Well, hell, so they picked some other jerk to be pope in Rome. No matter there been several popes at one time before so...............The hell with them, I am setting up my own poppity here in the Neuvo Vaticano Minnesoto. So.. ALL HAIL AND AVE ME! HERE I AM IN LACY UNDIES WITH THE ROBES, THE CLOWN HAT AND PRISSY RED WITCH OF THE NORTHEAST SHOES AND HAVE THE FOLLOWING TO SAY TO ALL YOU, MY FLOCK: Ok, ok, folks all sit down now and cut the amens and ahems and them hosannahs too. I got plenty of those left over from the last poop so just stop it! Here beginneth the first lesson with fresh baloney, er, dogma from me, Bill The Oneth: Those ten crap commandments, they are out. Here are the 5 new rules: 1. No smoking in the papal state, Minnesota. 2. Send all your donations, tithes, bribes, alms and such to me direct, BILL THE ONTH, MY HOLINESS, at my new Vat 16 Bank. That is right the old mafia supported bank is sealed over with lava and unavailable for deposit. I will use your funds very carefully as I god damn wanna so just suck it up and deliver. And god DOES want me to be as filthy wealthy as possible. 3. I forget 3. 4 and 5. And likely there will be even more.
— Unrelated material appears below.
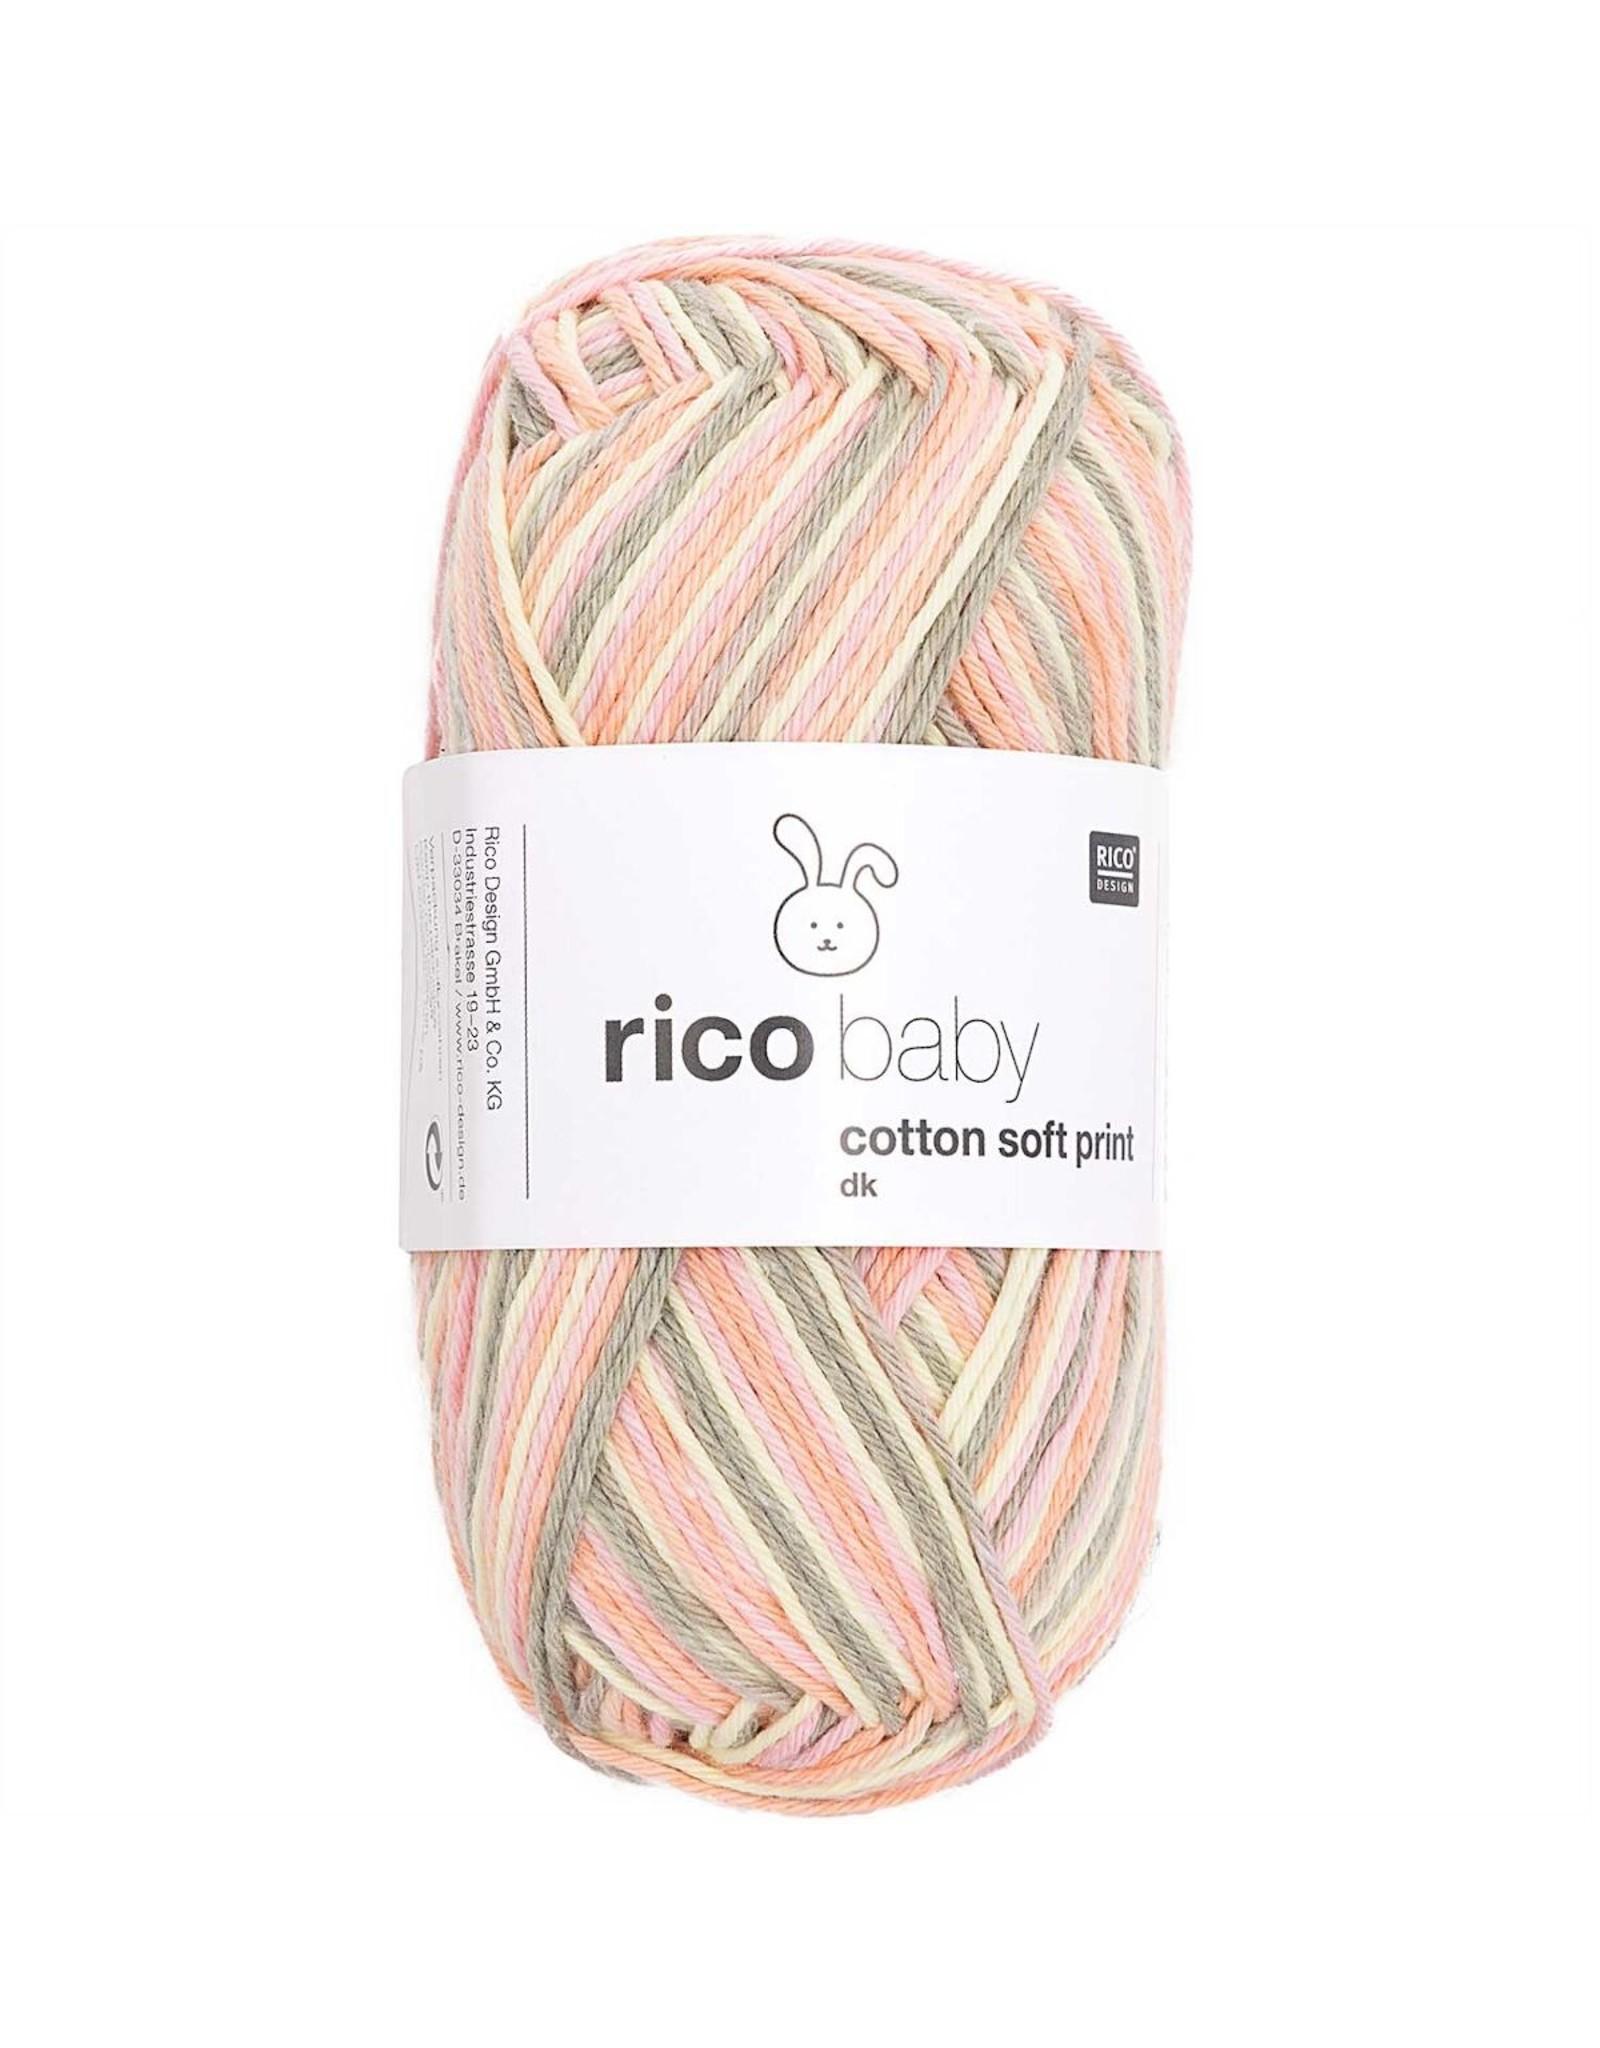 Rico Rico Baby Cotton Soft Print dk *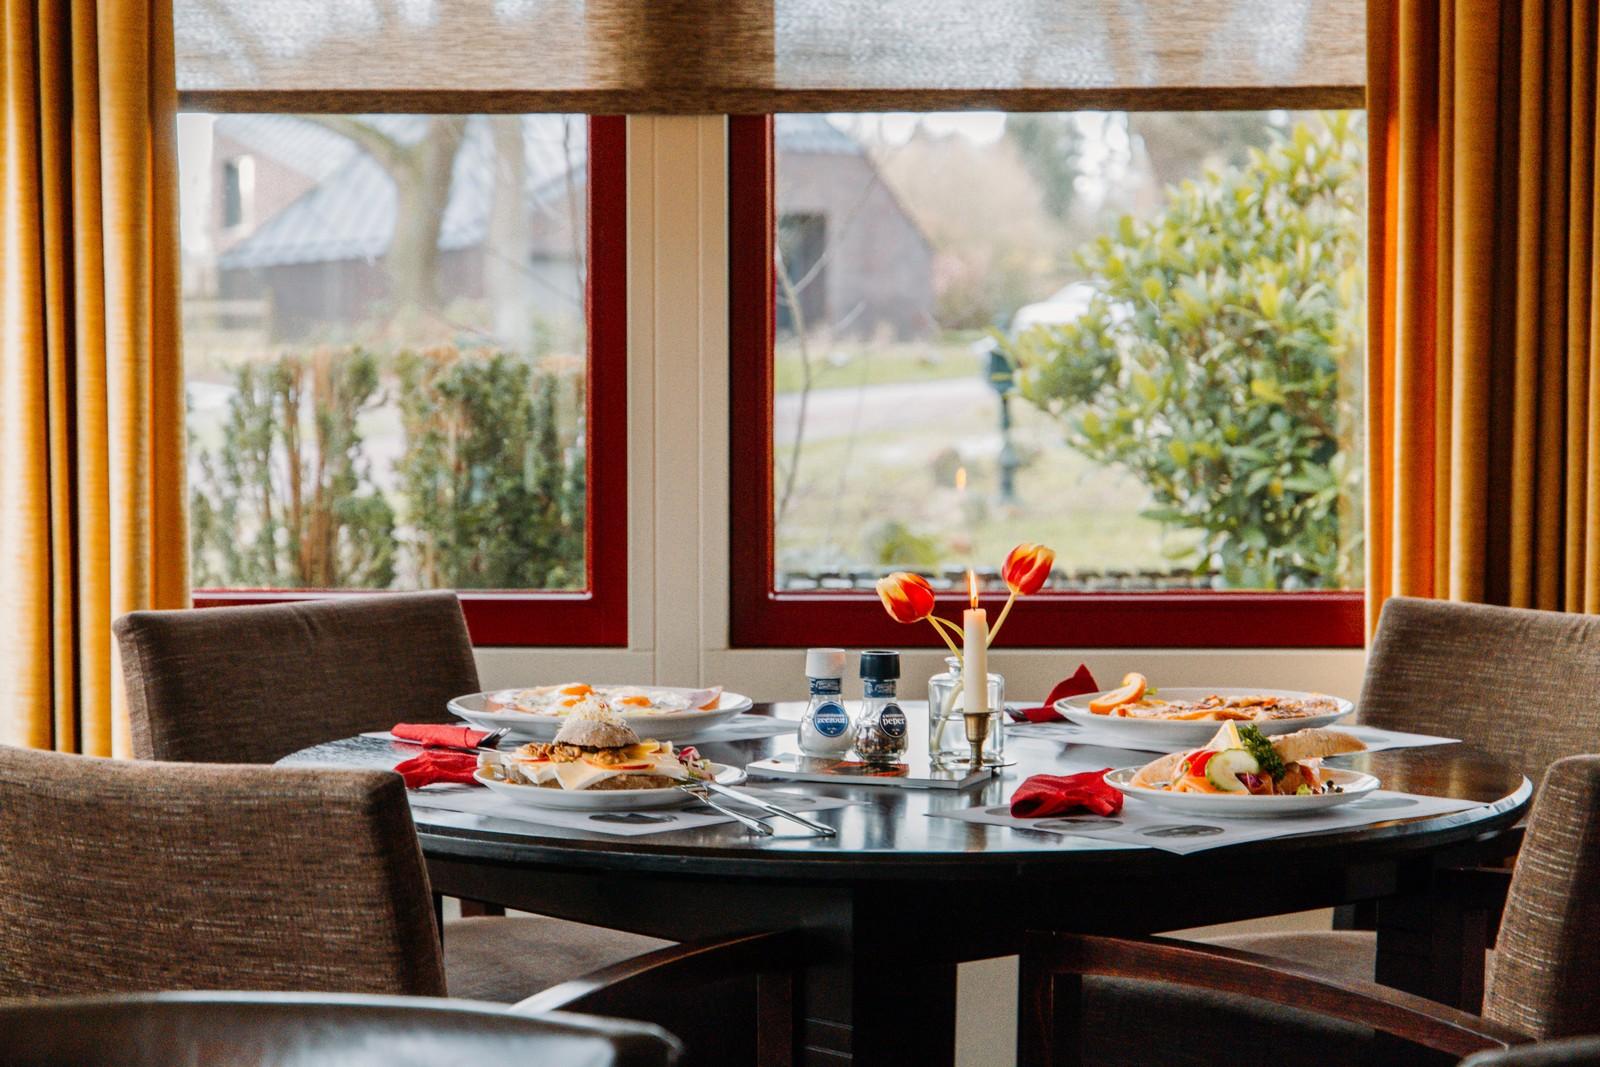 Restaurant Wielens Noord Sleen Image00073

They will occur to me soon so stand by for more deprivation as you are not donating enough. I take Visa and all your major card, cash, gold, silver even copper but NO STAMPS DAMN IT. Hey, you elected me din cha?

3 comments:

Anonymous said...

OH, I ever so much like our new local pope. Postage is cheaper. Tithes, donations. bribes about the same maybe a little more. So I say Sanctus, Sanctus, Sanctus!

A former cattle licker and now re-upping.

Anonymous said...

Yes, glorious to have our own foppery now.

Bill van Druten said...

Finally a decent looking poop. Ave Sanctum Williamus.